Chip-SIP is a unique method that can identify the ecophysiology of organisms and is compatible with the simultaneous use of multiple tracers, but as with all microarray-based methods, it can only target organisms with matching probes on the microarray. The rigors of NanoSIMS analysis necessarily limit the number of probes that can be screened, which is typically limited to approximately 200 organisms (2000 probes) in our experience [51]. Though we strove to include a broad representation of abundant microbial and macrofaunal lineages on our microarray, we did not include probes for some of the dynamic Amoebozoal groups.
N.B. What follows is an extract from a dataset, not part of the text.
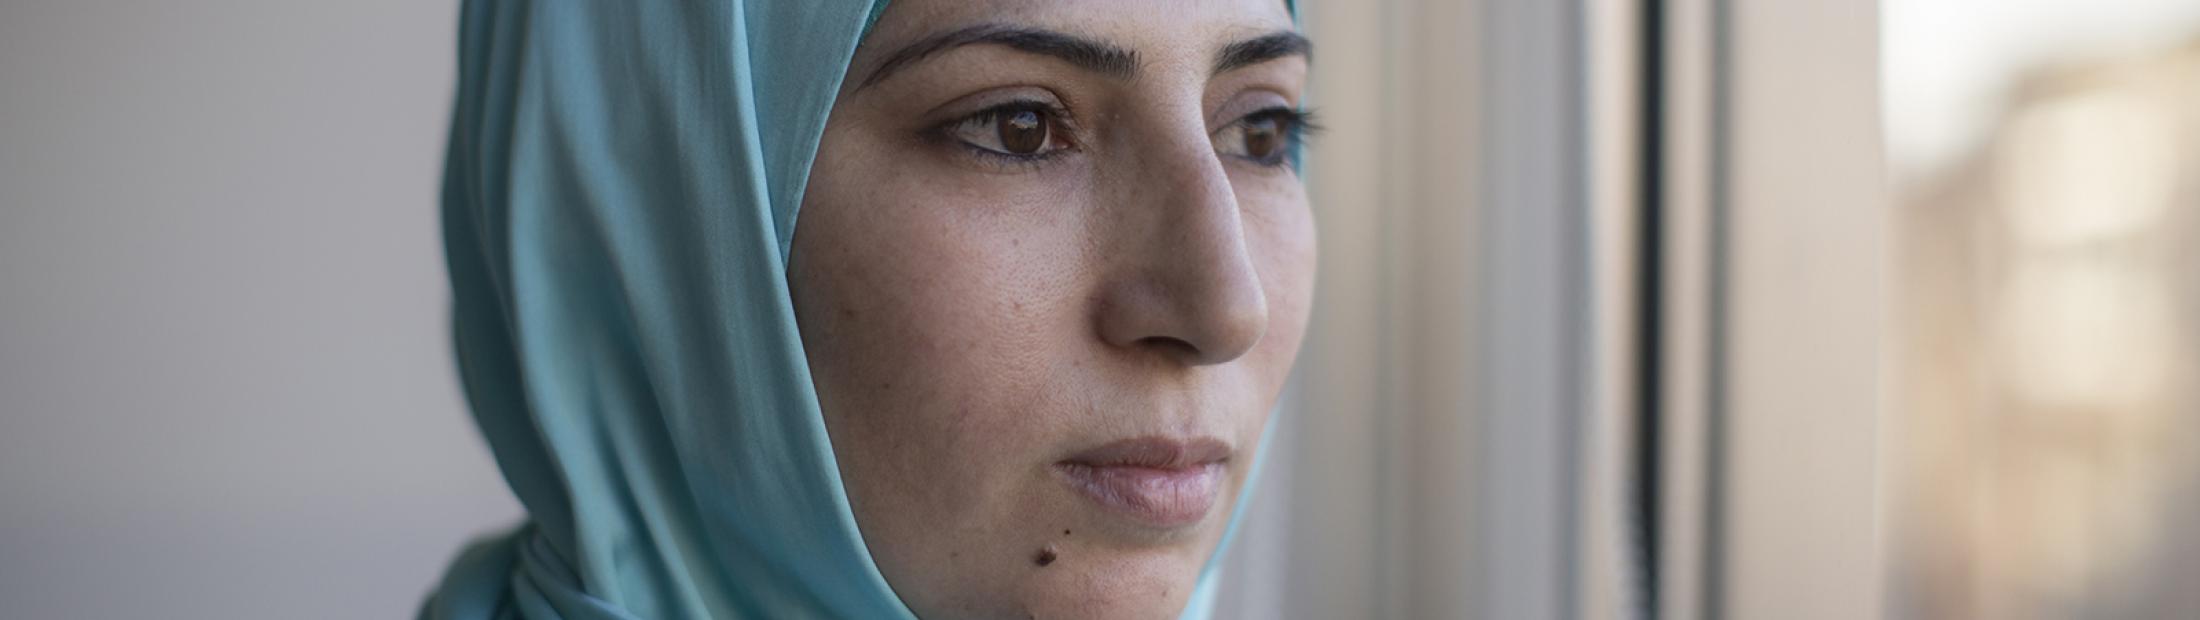 4 mujeres musulmanas forzadas a huir de su país

Future work could use detailed community RNA-Seq results to design a targeted probe set for Chip-SIP analysis.

Conclusions

Using ‘community RNA-Seq’ metatranscriptomic sequencing of total RNA, we identified organisms in the three domains of life that responded to detrital root litter in rhizosphere and bulk soils. Litter-decomposing communities differed depending on the presence and absence of a growing root, and litter-amended bulk soil had the most distinct microbial and protist communities. Litter-amended rhizosphere and bulk soils contained significantly more Amoebozoa than unamended soil, highlighting that grazing by protists may be an important top-down control in detrital microbial communities, and that micropredator grazing should be considered when designing future bacterial and fungal litter decomposition studies. Chip-SIP NanoSIMS analysis showed that some abundant rhizosphere taxa preferentially used resources from nearby decaying root litter, which is an insight that could not have been discerned from compositional analyses alone. Future work combining shotgun RNA community analyses and stable isotope tracing can improve our ability to track nutrients and carbon through specific populations in multi-trophic food webs.